Les enseignants et psychologues scolaires soulignent l’importance d’un encadrement post-résultat, aussi bien pour les lauréats que pour les recalés. Car si le diplôme est un honneur, il ne devrait jamais devenir un facteur de stigmatisation ou d’exclusion.
Quand la joie frôle l’excès
Autre point d’alerte : l’exubérance de certaines célébrations. À Kinshasa ou Lubumbashi, il n’est pas rare de voir des défilés motorisés improvisés sur les artères principales, parfois sans casque ni règles de sécurité. Des jeunes s’entassent sur des motos ou des camions bondés, créant des embouteillages et des risques d’accidents.

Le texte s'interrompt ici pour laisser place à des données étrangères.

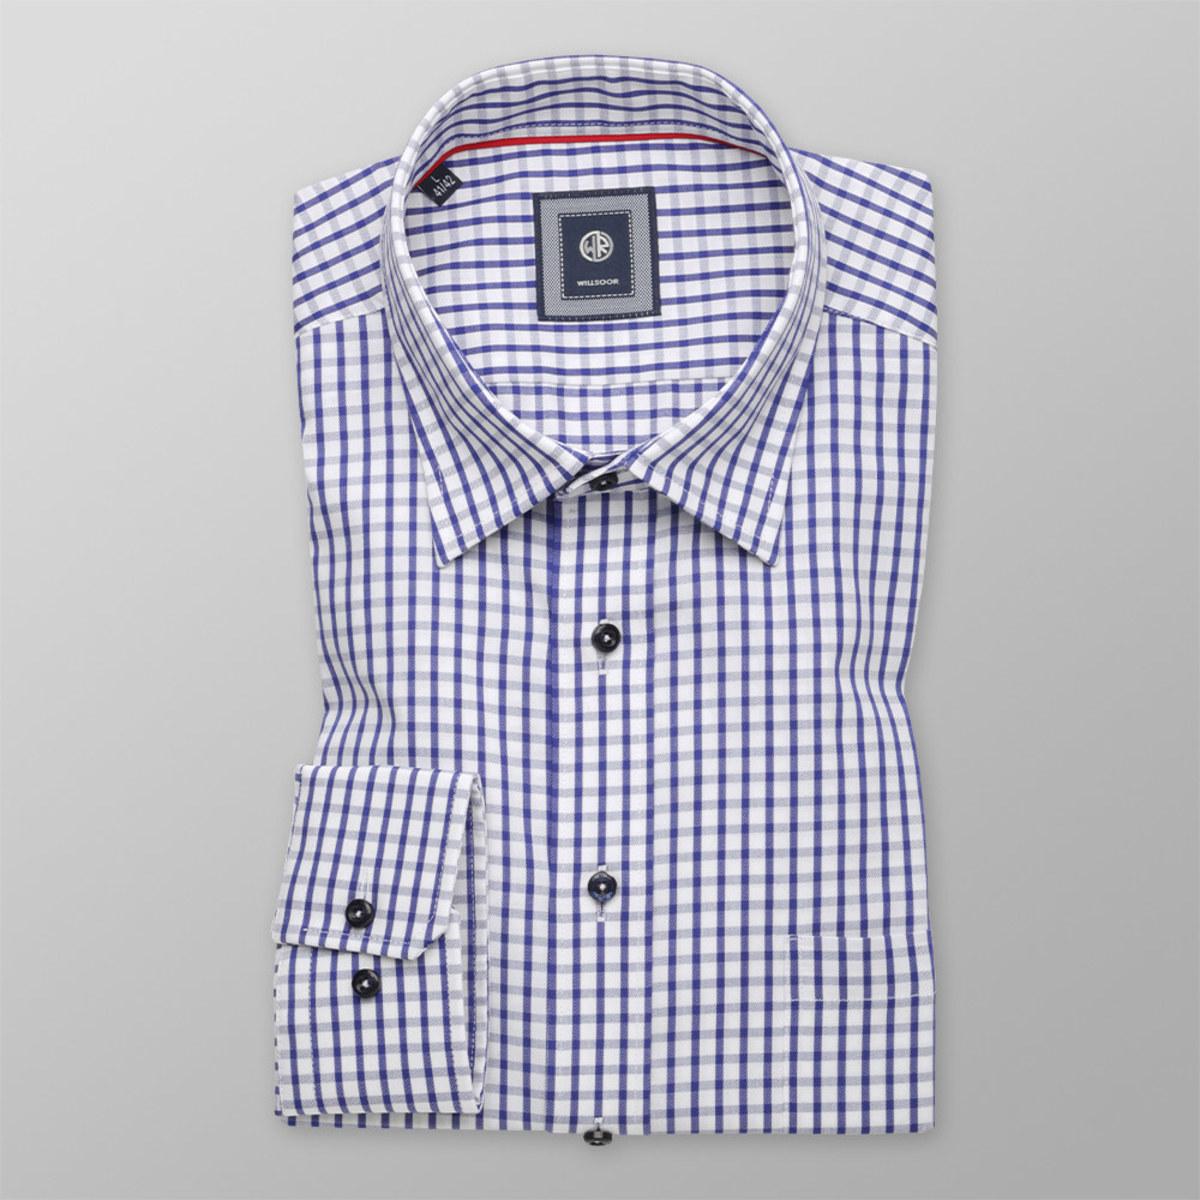 Košeľa Slim Fit kockovaný vzor (výška 176 - 182) 10294 176-182 / XL (43/44)

Dans certains cas, les autorités ont dû intervenir pour canaliser la foule.
« Nous comprenons la joie, mais il ne faut pas qu’elle mette des vies en danger », explique un policier du commissariat de Matete.
Un examen devenu affaire de tous
Au final, l’Examen d’État est bien plus qu’un test scolaire. Il est devenu un marqueur culturel, un rite de passage, une source d’identité nationale. Chaque Congolais, directement ou indirectement, se sent concerné : comme élève, comme parent, comme enseignant, comme voisin, comme compatriote.
C’est cette dimension collective qui rend l’Exetat unique en Afrique centrale : dans une société où les diplômes sont parfois le seul espoir d’ascension sociale, réussir l’Examen d’État, c’est ouvrir une porte vers l’avenir. Et quand cette porte s’ouvre, c’est tout un peuple qui célèbre.